True in theory, but most SMSF property purchases using LRBAs are focused on maximising property purchase amount, which generally means high gearing, low reserves, and no diversification.
Thanks Labor and ISA Fund Trolls for your concerns.
Yes the limited recourse / guarantees are silly, as the lenders & the ATO related party i rates are higher for this supposed extra risk, when in fact there is generally no such risk due to personal guarantees.
Please advise of the problems you allude too actually occurring ?
There certainly is NOT a mass wipe out of SMSF LRBA’s ever recorded. So your concerns are theoretical and not reality on any scale of concern.
I guess on your theory ISA Funds should be banned from gearing into investments too via developments, infrastructure, etc. that often carry significant debts.
The situation is somewhat analogous to Storm Financial. The strategy they used made a lot of clients, advisers and lenders a lot of money, and everyone (including lazy regulators) was very happy with it. Right up until the time a sudden change in market conditions brought the underlying risks to the surface. The risks of a flawed financial strategy do not go away because of a long period without them being realised.
You are right that my concerns about LRBAs with personal guarantees are theoretical at this stage. Just as my concerns about Storm Financial were theoretical for most of Storm’s existence. But they are concerns founded in financial education and professional responsibility. Not, I assure you, any association with or preference for, union super.

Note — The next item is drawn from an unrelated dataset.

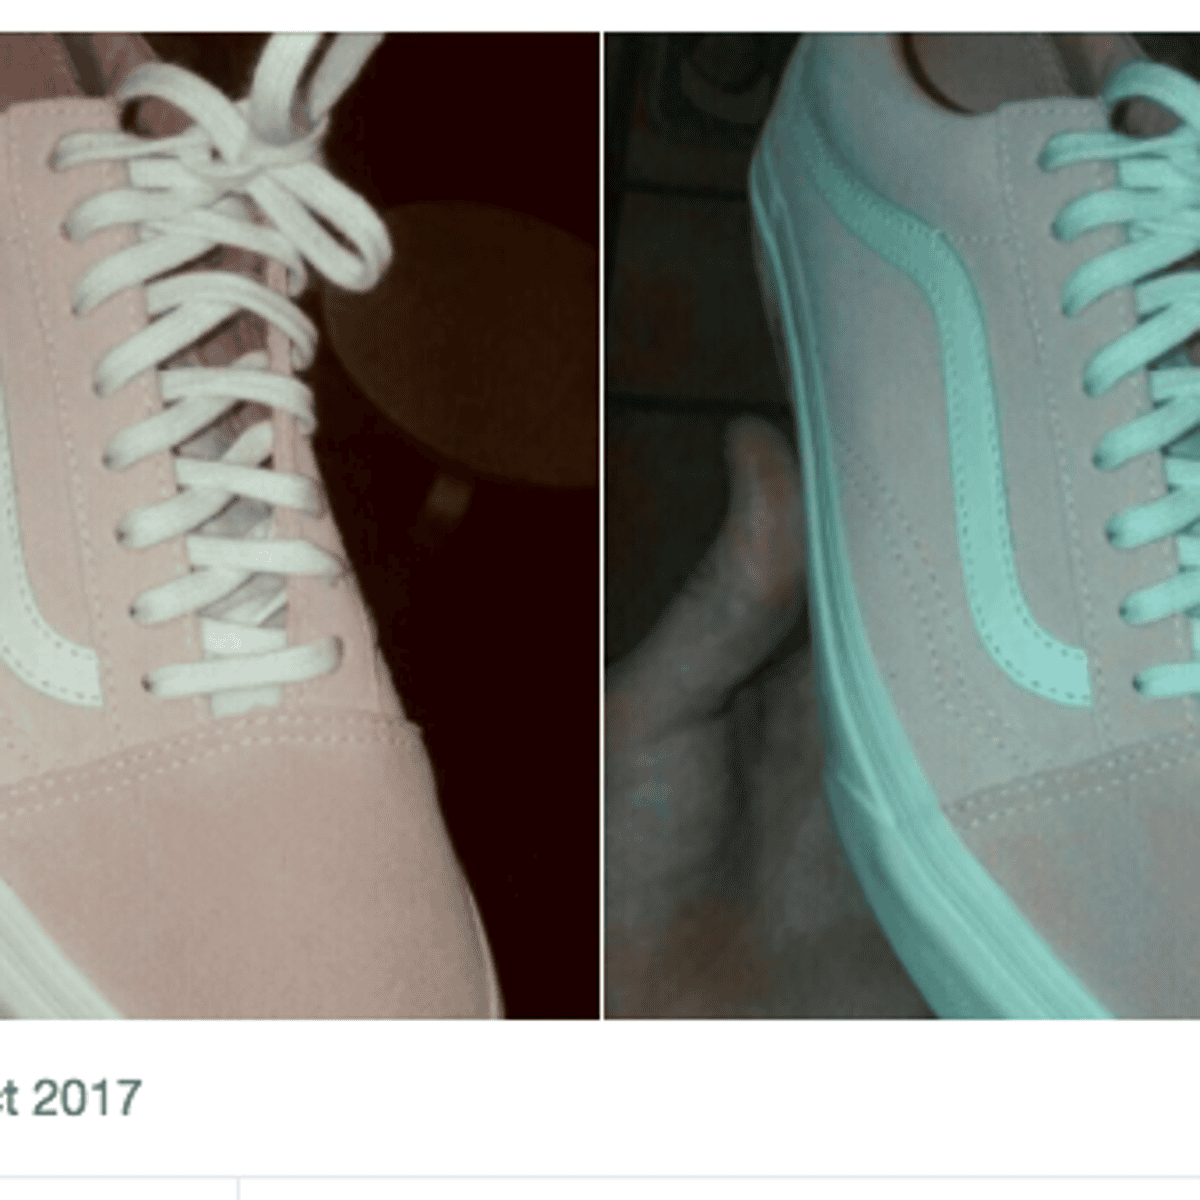 Кроссовки бело розовые или серо бирюзовые. Оптическая иллюзия цвет кроссовок. Кроссовок разного цвета. Тест с кроссовком на цвет. Кроссовки белые или розовые.
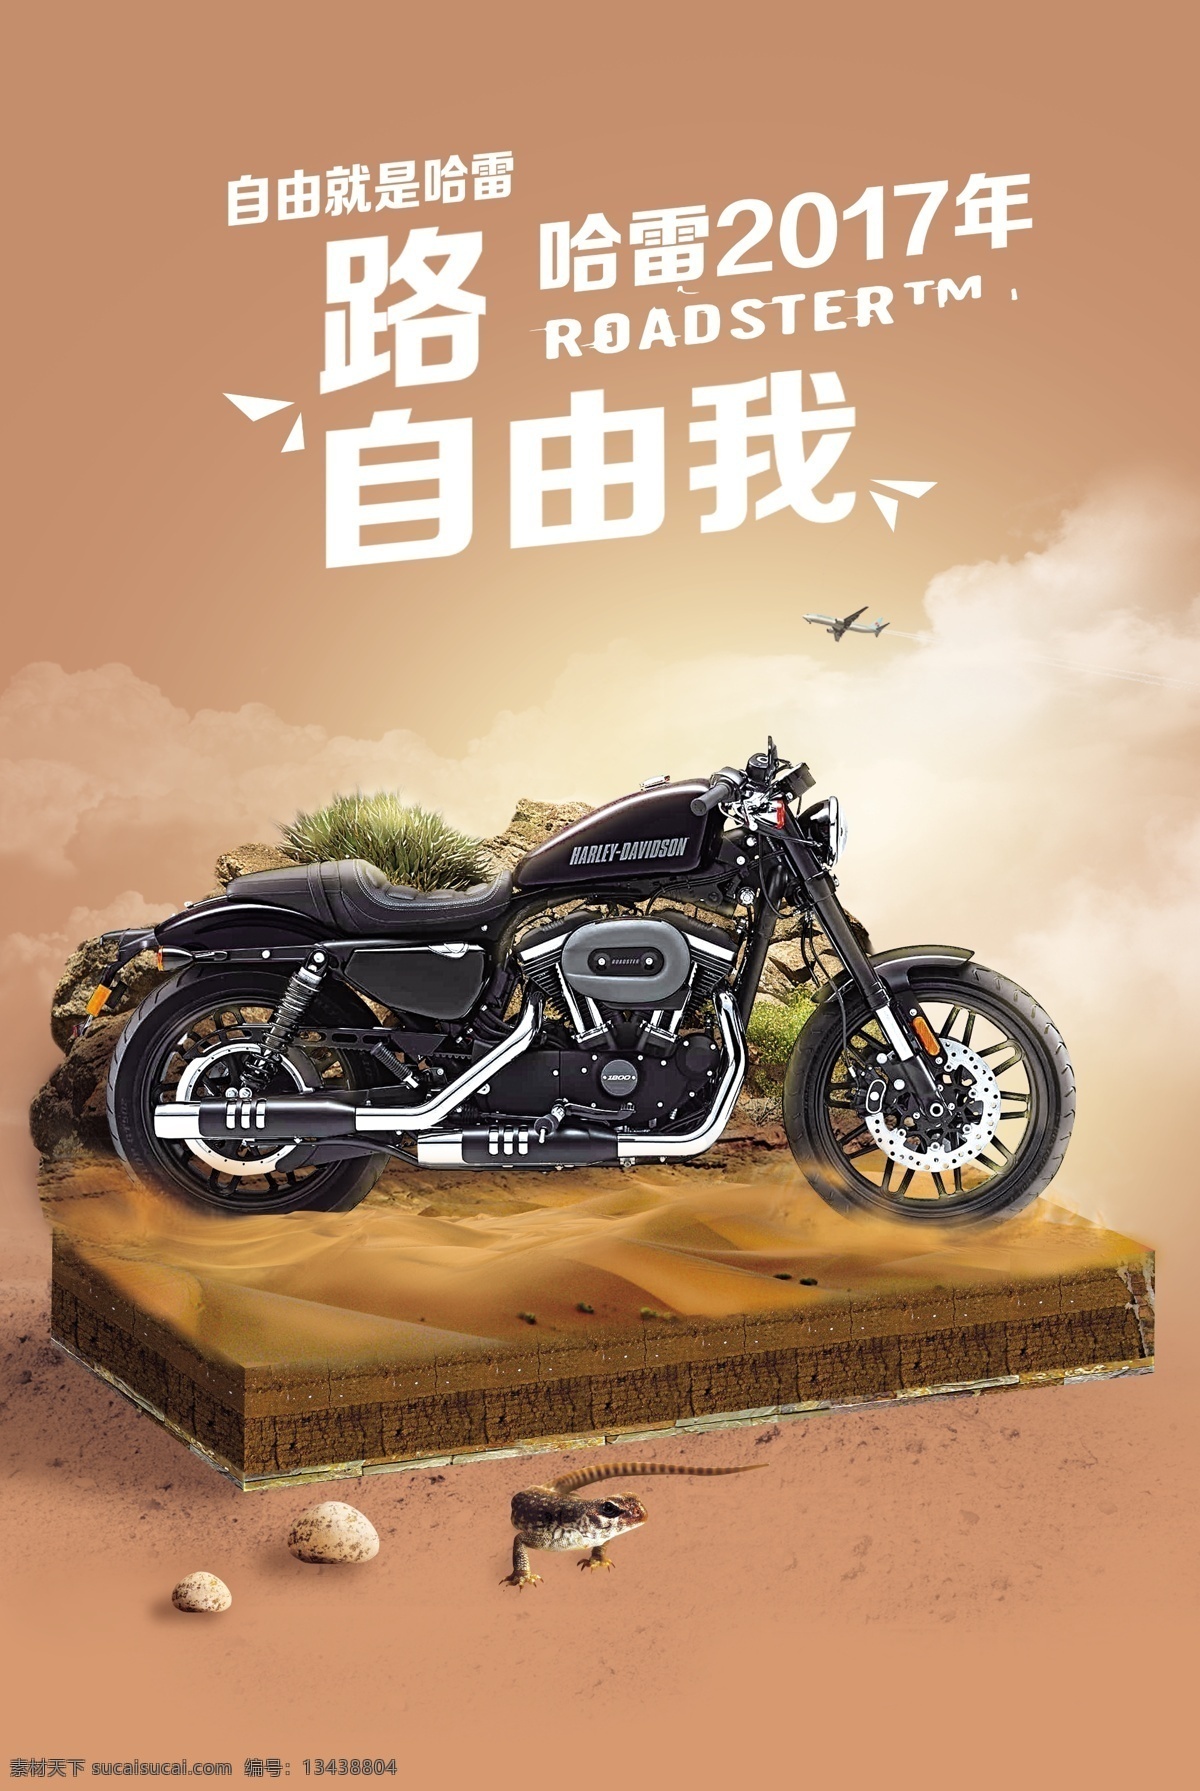 哈雷 戴维森 沙漠 宣传海报 摩托车 商业海报 合成 哈雷戴维森 小景合成 飞烟

(BTW nearly all super funds of all types invest in geared assets. Most shares have some level of gearing on their balance sheet. The problem with LRBAs is not gearing per se. It is the combination of gearing with personal guarantees by the fund member.)
Targeting LRBAs in SMSFs would be more about Labor playing class wars instead of addressing the broader issue. Targetting negative gearing does that. The whole issue with their franking credit policy – it targeted SMSFs rather than having a broader policy such as everyone can only claim 80% of franking credits they receive. Targeting LRBAs would show Labor has learned nothing, or at their core they are about class warfare rather than good policy.